/cc_stats

Primary LanguageRuby

Statistically Thinking

The goal of this exercise is to demonstrate your ability to think critically, while being creative and practical. We value clean solutions that work, and thus the goal is not to determine your ability to use the "technology flavor of the month", nor to evaluate your knowledge of esoteric meta-programming.

Good luck!

Abstract

You have just joined a new team and they fill you in on the problem at hand: stats! The team is trying to come up with a prototype that will help determine their ability to produce an in-house web analysis platform that suits their specific business needs.

After some discussion about the scope of the prototype, and its goals, the team decides to task you with it.

Goals

Your first goal is to come up with a Ruby on Rails application, using Sequel as its ORM, that allows its users to access two distinct reports in the realm of web stats using a REST API:

  1. Number of page views per URL, grouped by day, for the past 5 days;
  2. Top 5 referrers for the top 10 URLs grouped by day, for the past 5 days.

Your prototype should make use of Ruby, PostgreSQL, and any other gems you determine necessary. Please, no GPL licenses.

As a secondary goal, you will want to build a plain and simple UI using React that connects to the Rails application REST routes and presents the data that can be vended by one, or both, routes.

You don't want to produce a super fancy UI, your goal is to get people an easy way to get to the data and produce an end-to-end (UI, Service, DB) prototype.

The dataset

As you dig into this challenge, the first order of business is to come up with a dummy dataset, with exactly 1 million records, that you can use as a baseline for your endeavor.
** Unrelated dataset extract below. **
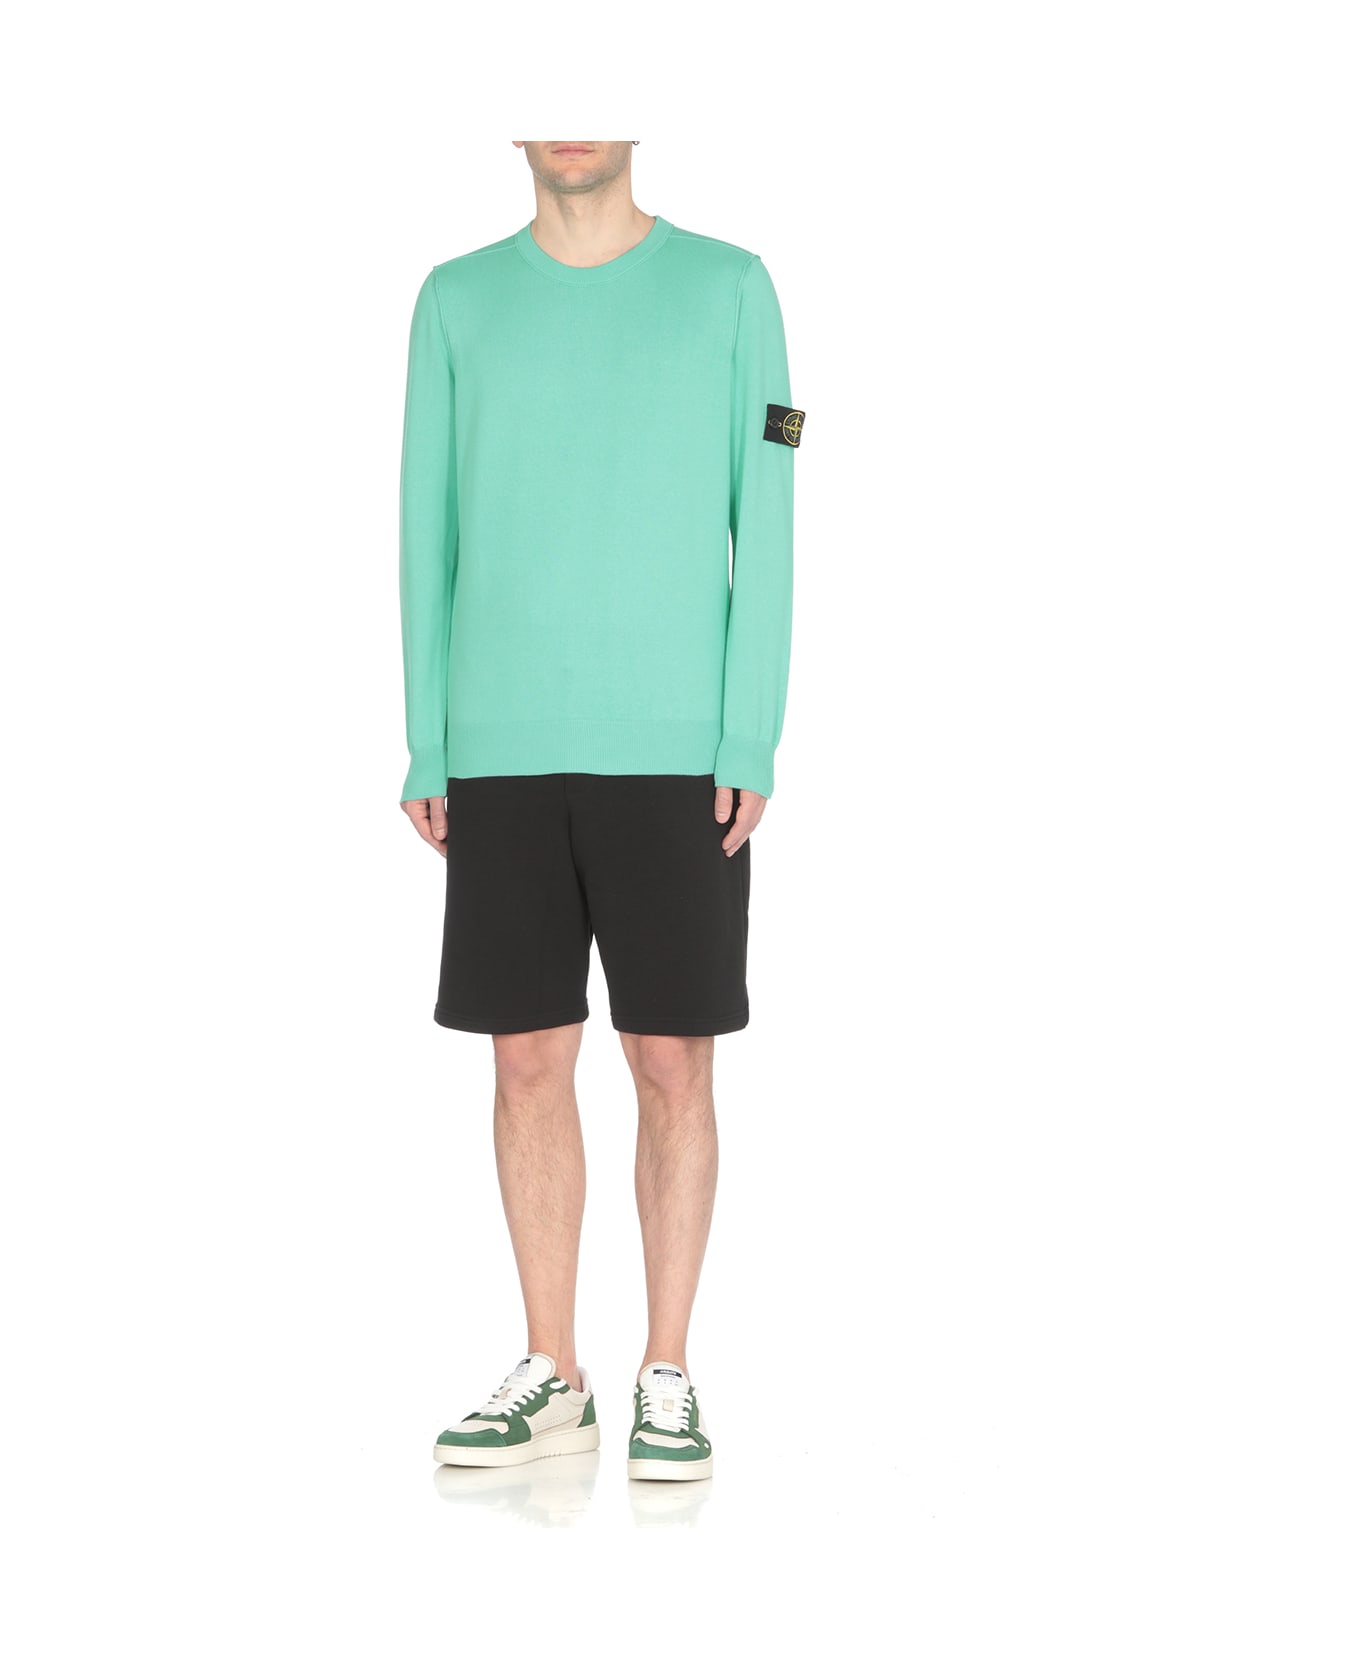 Stone Island Cotton Sweater - Verde chiaro

From the outset, you'll want to be able to regenerate this dataset at any given point in time, even if net result varies, and you will also want to store it in a PostgreSQL table with the following structure:

id (integer) url (text) referrer (null text) created_at (datetime) hash (character(32))
1 http://redacted.com http://store.redacted.com/us 2012-01-01T00:00:00+00:00 abe81c0456367aff8132c24d04718878
2 https://redacted.com null 2013-01-20T08:21:10+00:00 f4a33acf2af3e2118038749588998512

Dataset requirements

Please observe the following requirements when generating your dummy dataset:

id

A sequential integer that uniquely identifies the record.

url

The url (string) that an end-user visited on your website.

Your dataset should include these URLs at least once:

referrer

The optional referrer url (string) that indicates the page the user came from.

Your dataset should include these referrers at least once:

created_at

Indicates the date and time at which the URL was visited by the user. Please note that your data should contain at least 10 distinct and sequential days.

hash

The MD5 hexdigest of a hash containing the aforementioned columns, modulo those whose value is null.

Example: Digest::MD5.hexdigest({id:1, url: 'http://redacted.com', referrer: 'http://store.redacted.com/us', created_at: Time.parse('2012-01-01')}.to_s)

The reports

Now that you have your dummy data you're ready to start tackling the two reports that the team has agreed to prototype.

Report #1

The end-user should be able to access a REST endpoint in your application in order to retrieve the number of page views per URL, grouped by day, for the past 5 days.

Example request:

[GET] /top_urls

Payload

{ '2012-01-01' : [ { 'url': 'http://redacted.com', 'visits': 100 } ] }

Report #2

Your end-users should be able to retrieve the top 5 referrers for the top 10 URLs grouped by day, for the past 5 days, via a REST endpoint.

Example request:

[GET] /top_referrers

Payload

{
  '2012-01-01' : [
    {
      'url': 'http://redacted.com',
        'visits': 100,
        'referrers': [ { 'url': 'http://store.redacted.com/us', 'visits': 10 } ]
    }
  ]
}

One more thing

We value tested code that performs well under heavy load.